## WHAT TO WORK ON
With the pictures set aside, write out all of the data exactly as it stands.

## THE DATA
———
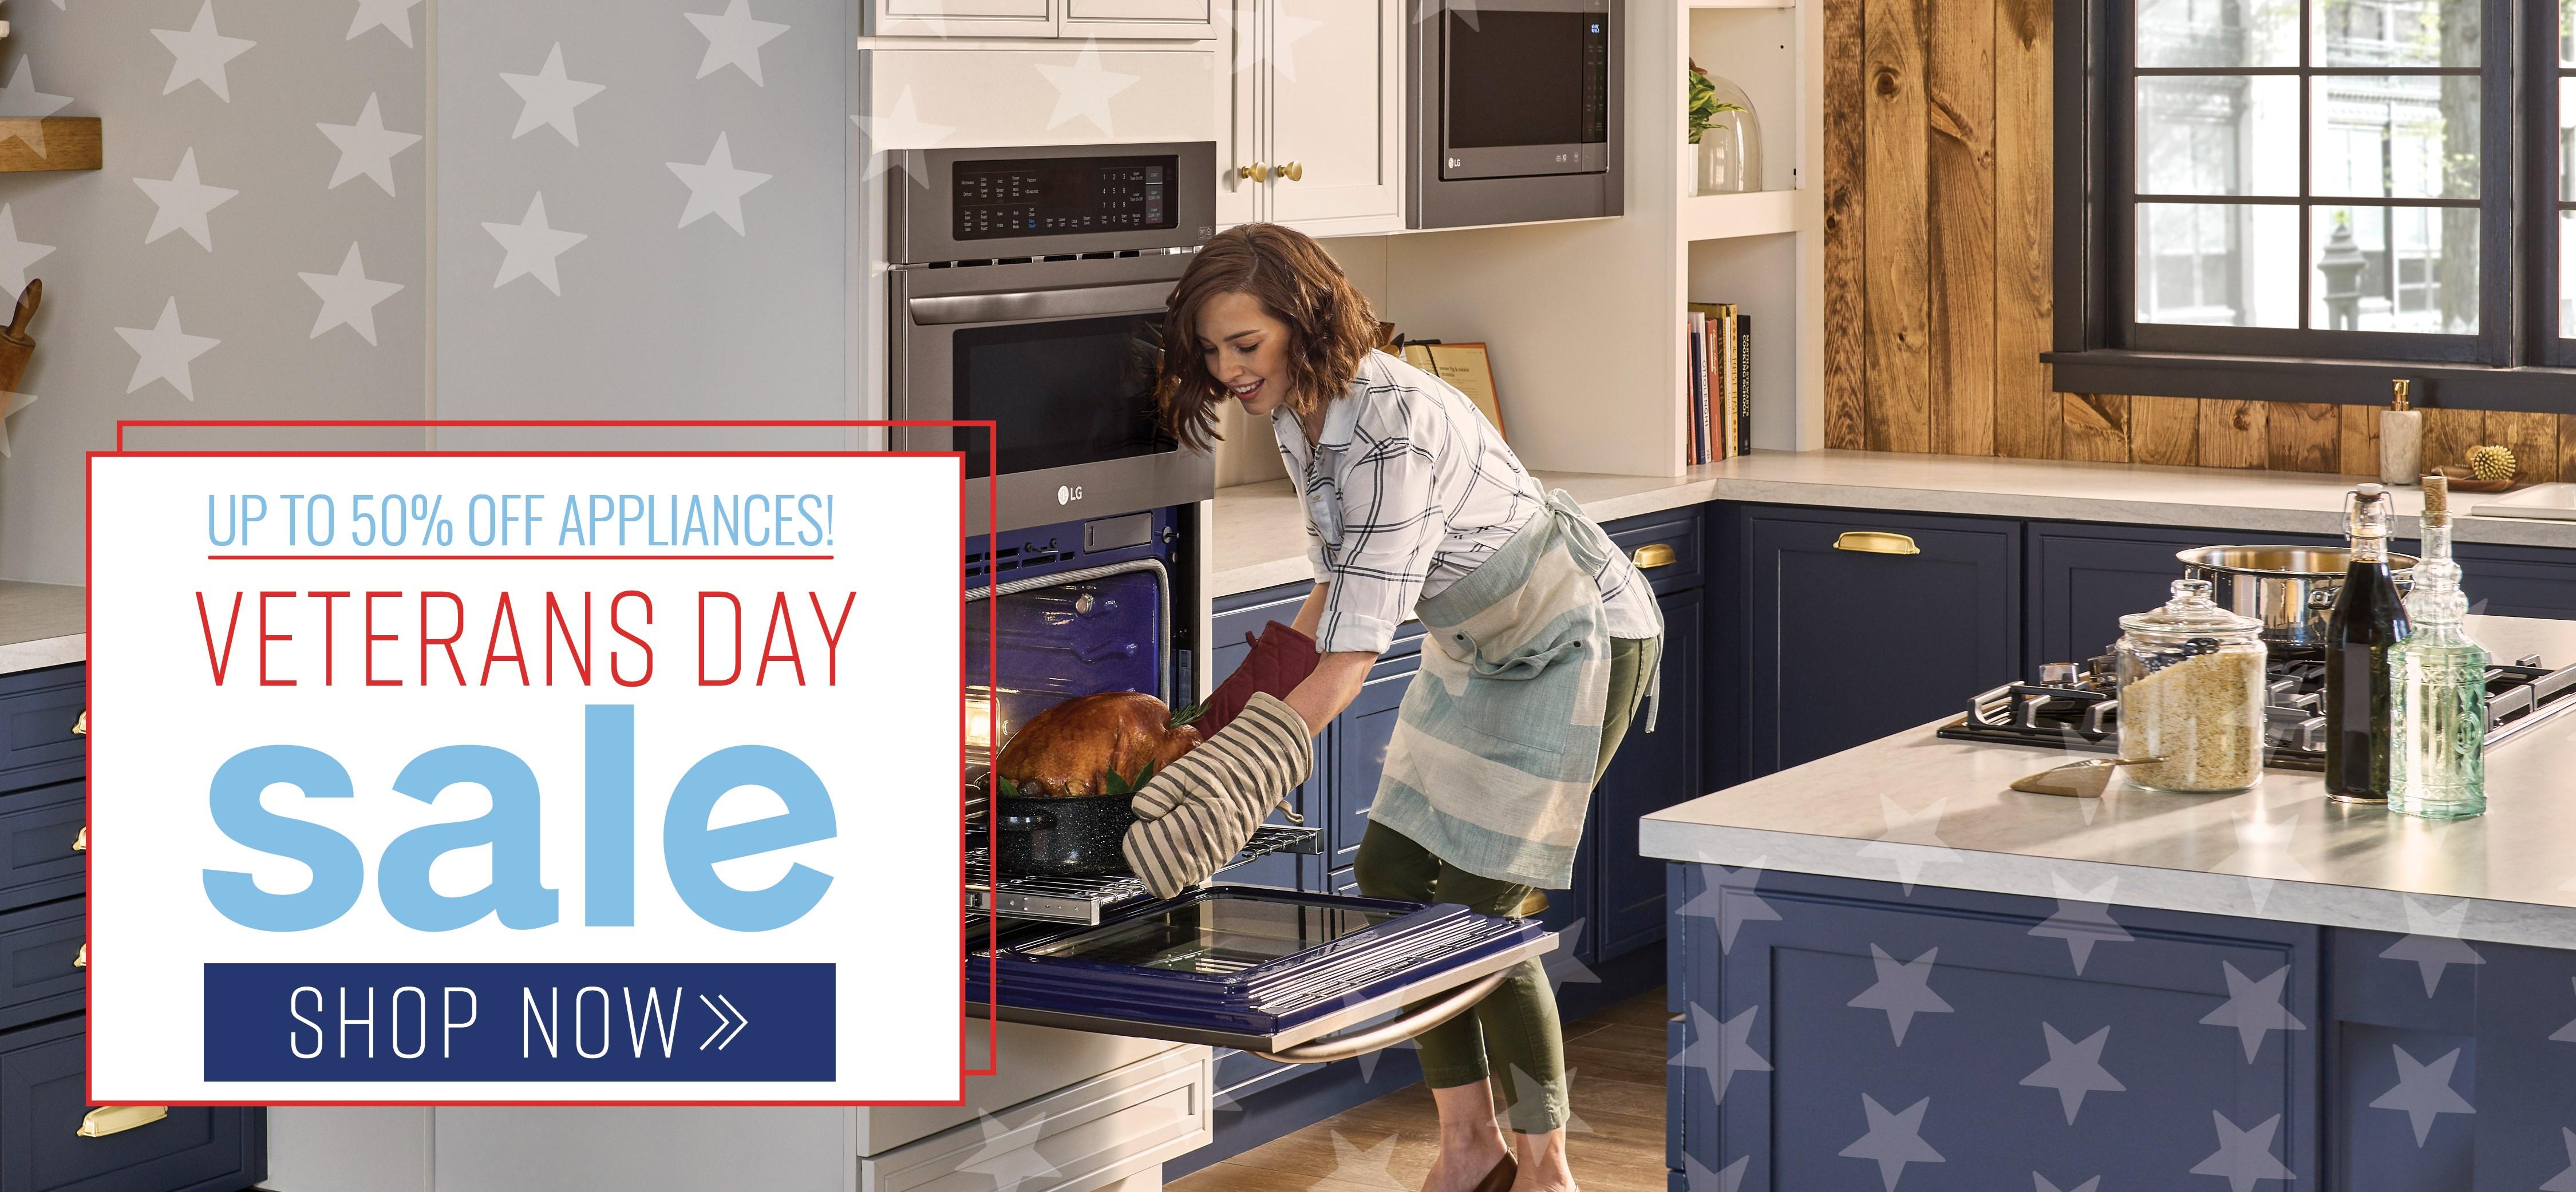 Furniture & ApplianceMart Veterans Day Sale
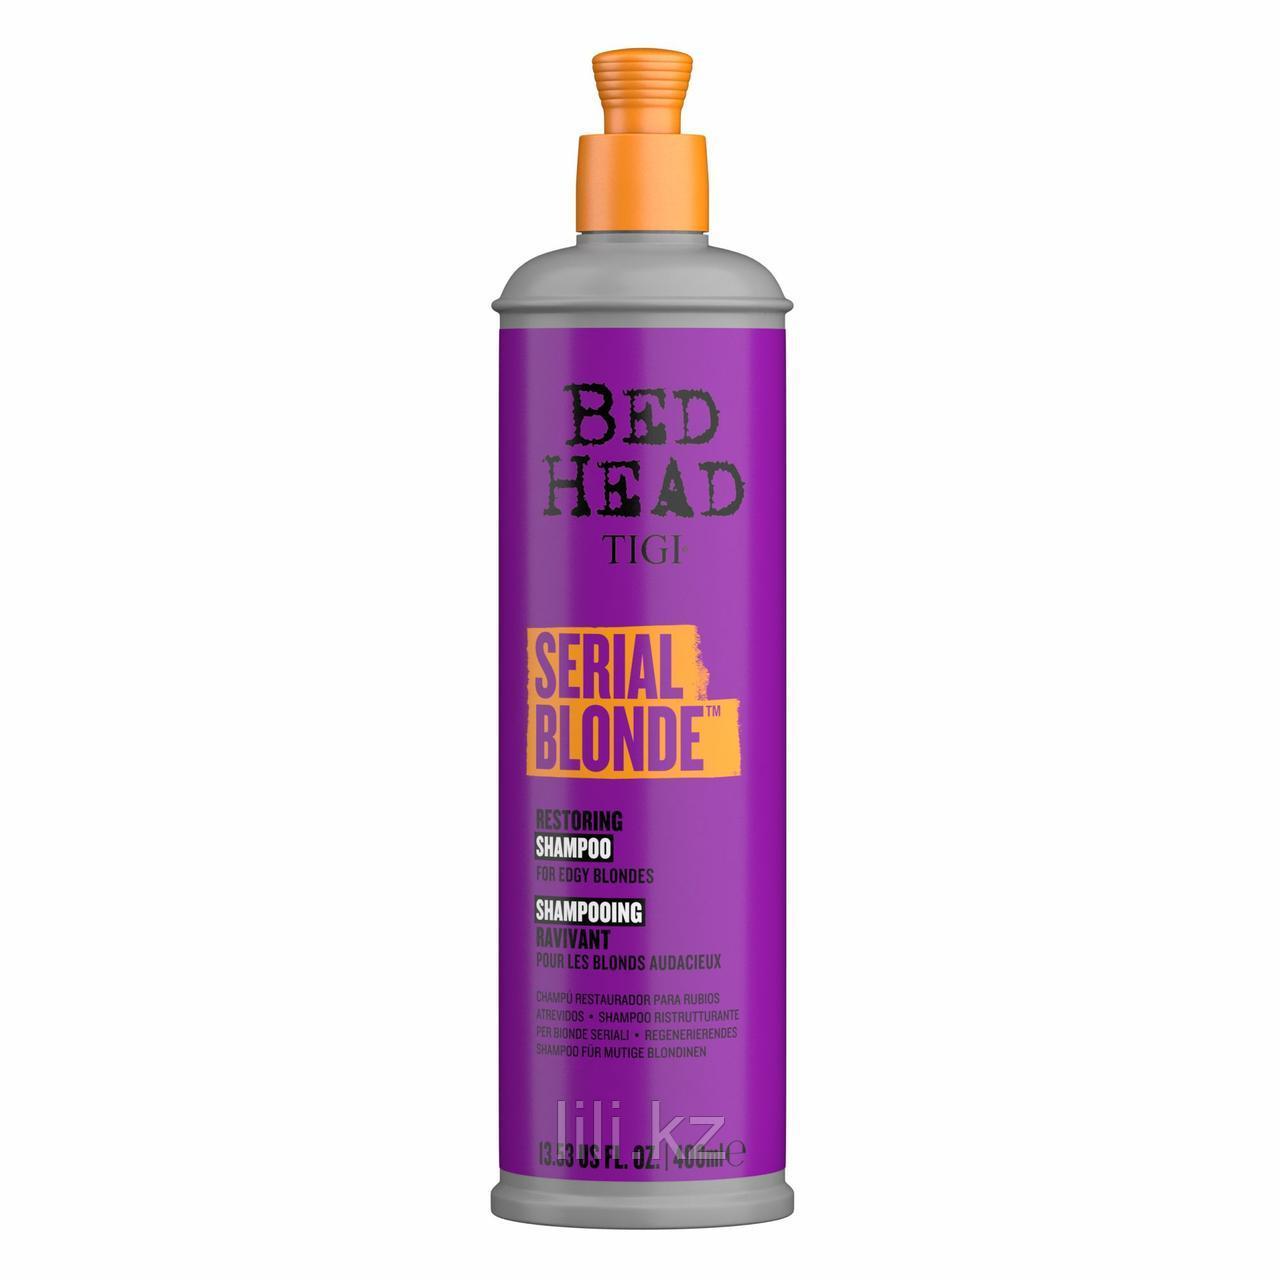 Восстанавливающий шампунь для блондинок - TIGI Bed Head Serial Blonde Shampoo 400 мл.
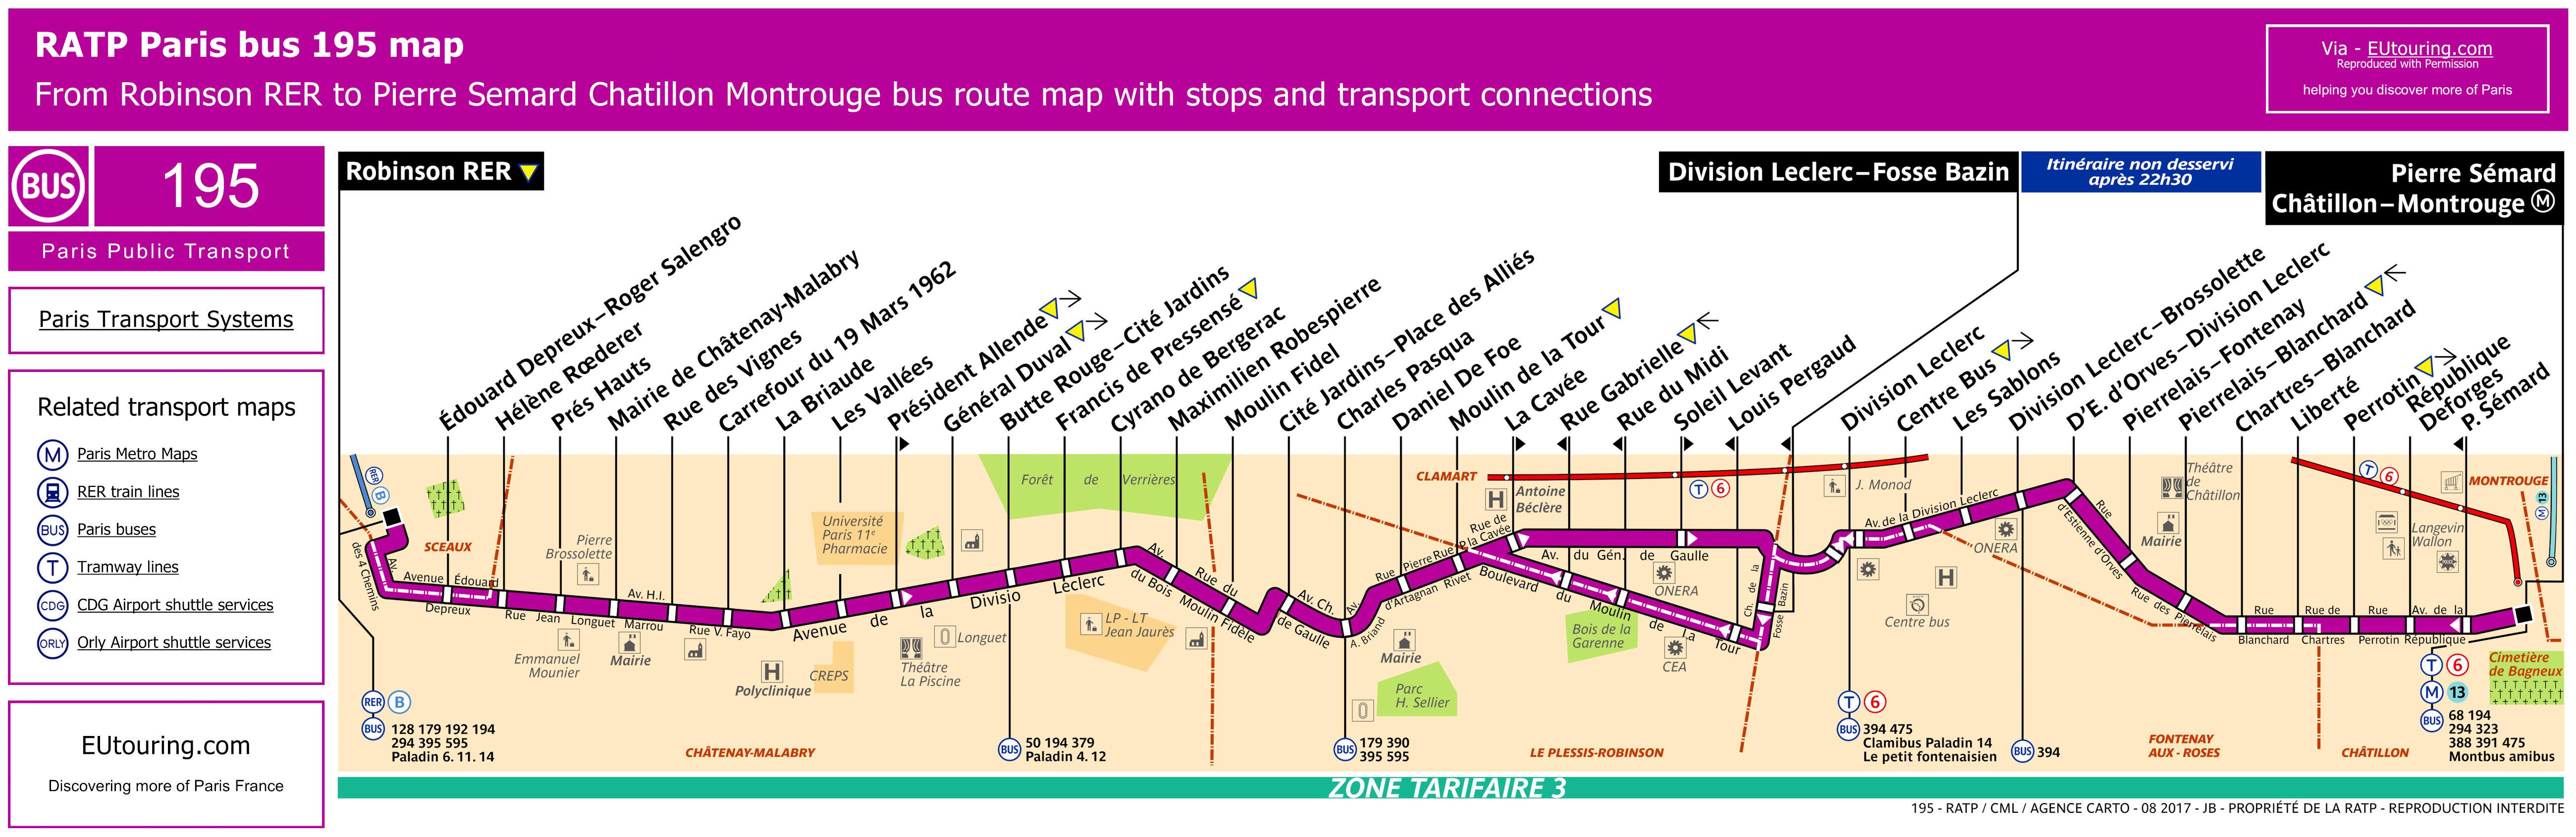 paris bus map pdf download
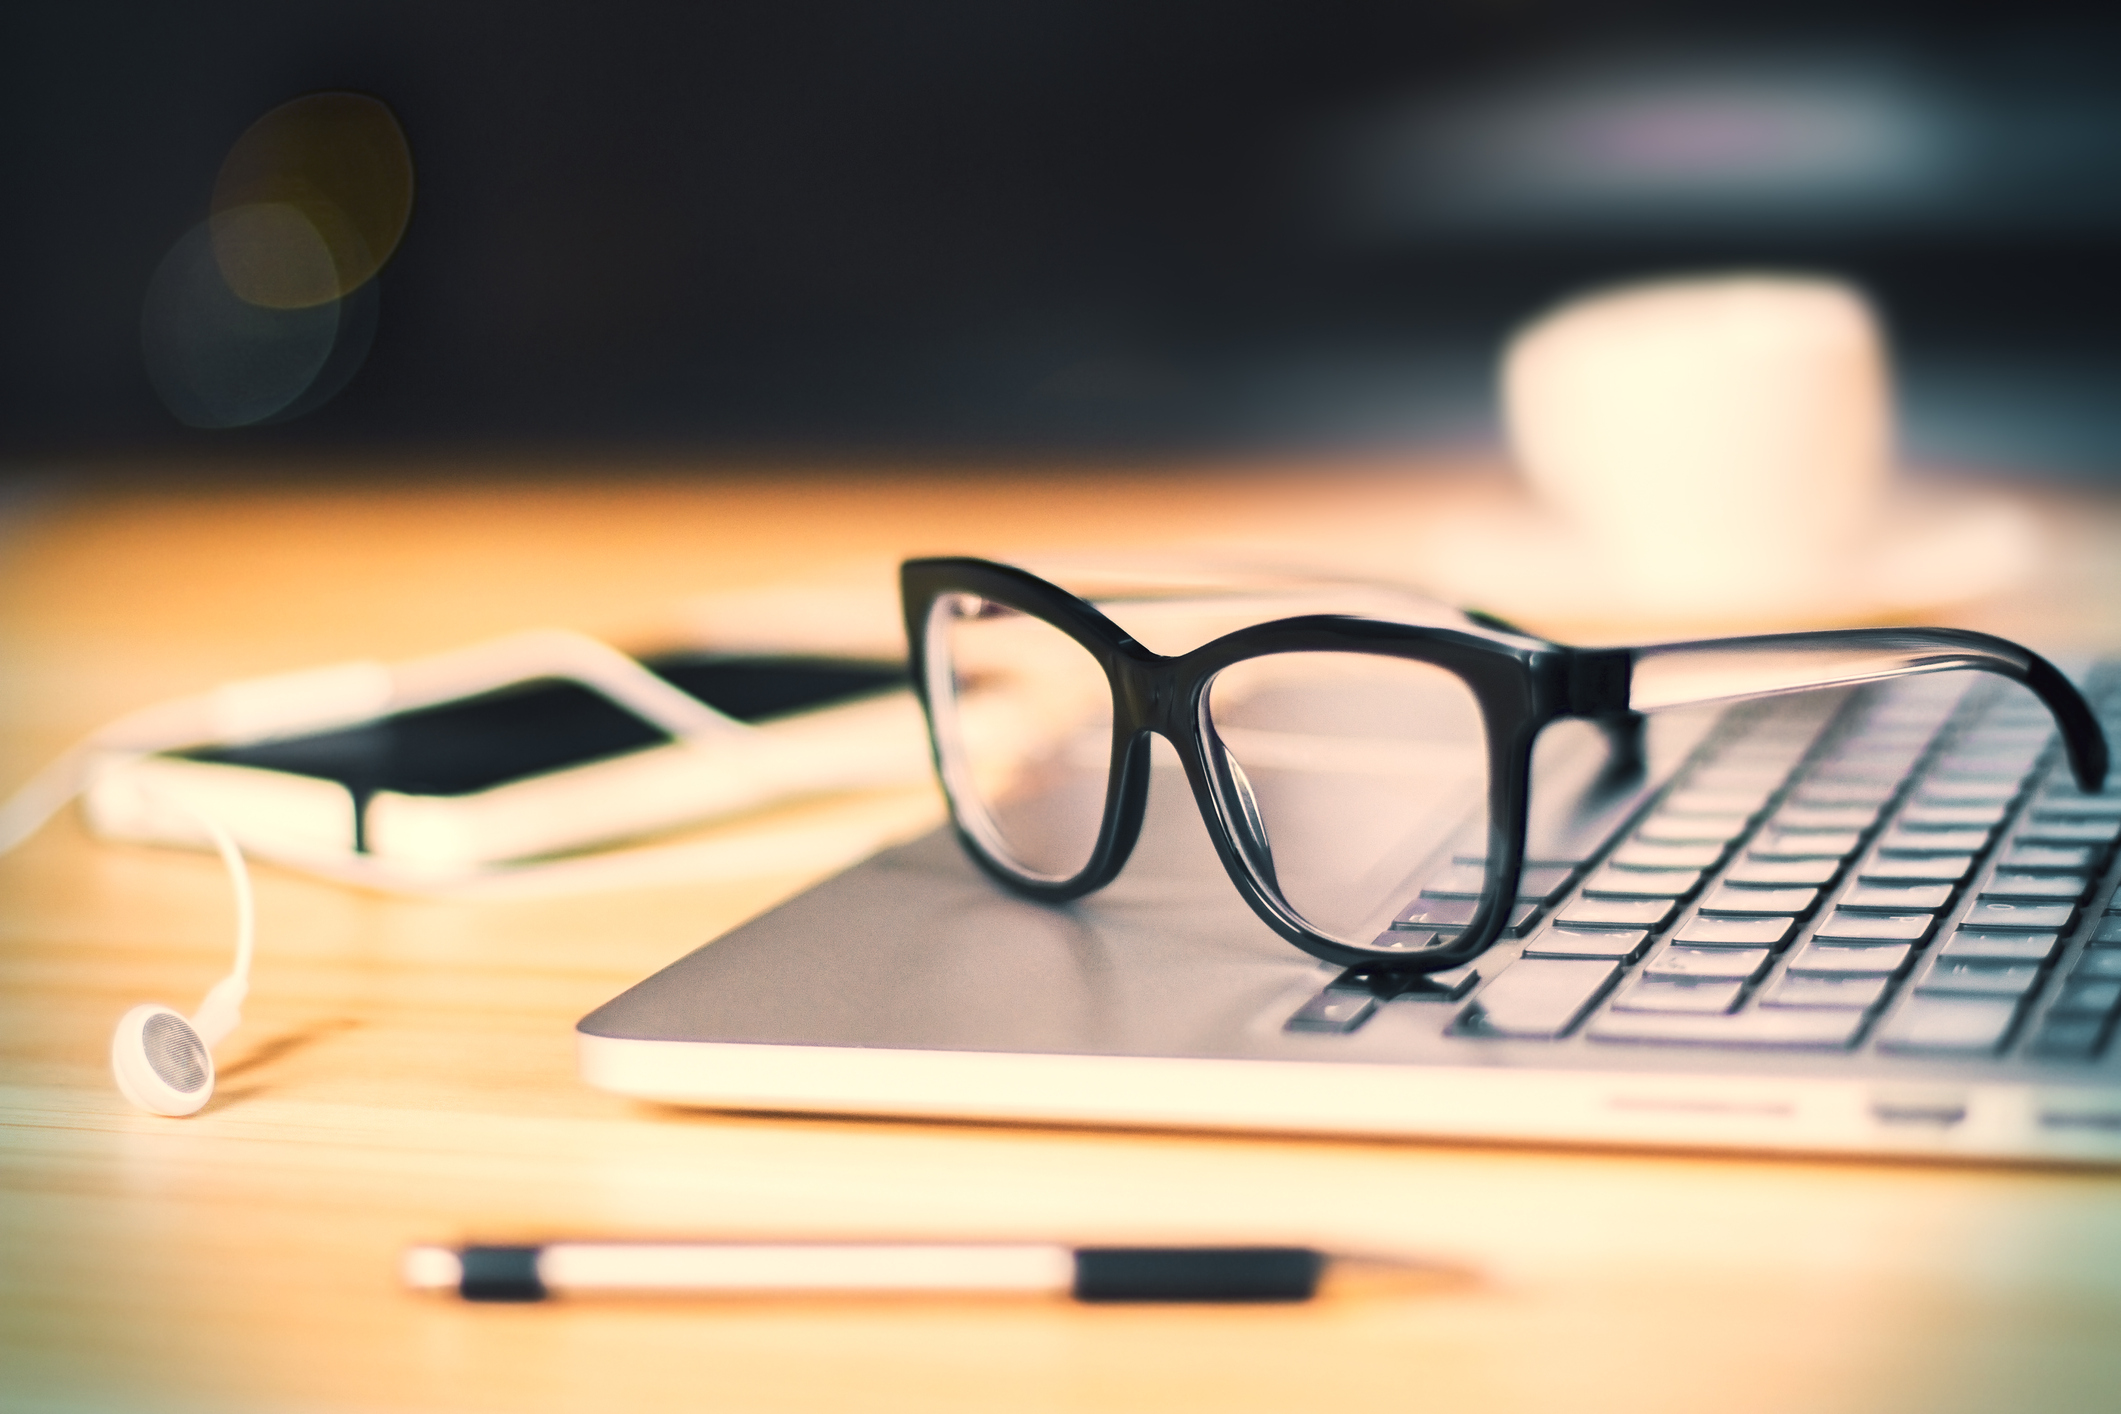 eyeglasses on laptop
———
## ANSWER TO THIS TASK
 Furniture & ApplianceMart Veterans Day Sale
 Восстанавливающий шампунь для блондинок - TIGI Bed Head Serial Blonde Shampoo 400 мл.
 paris bus map pdf download
 eyeglasses on laptop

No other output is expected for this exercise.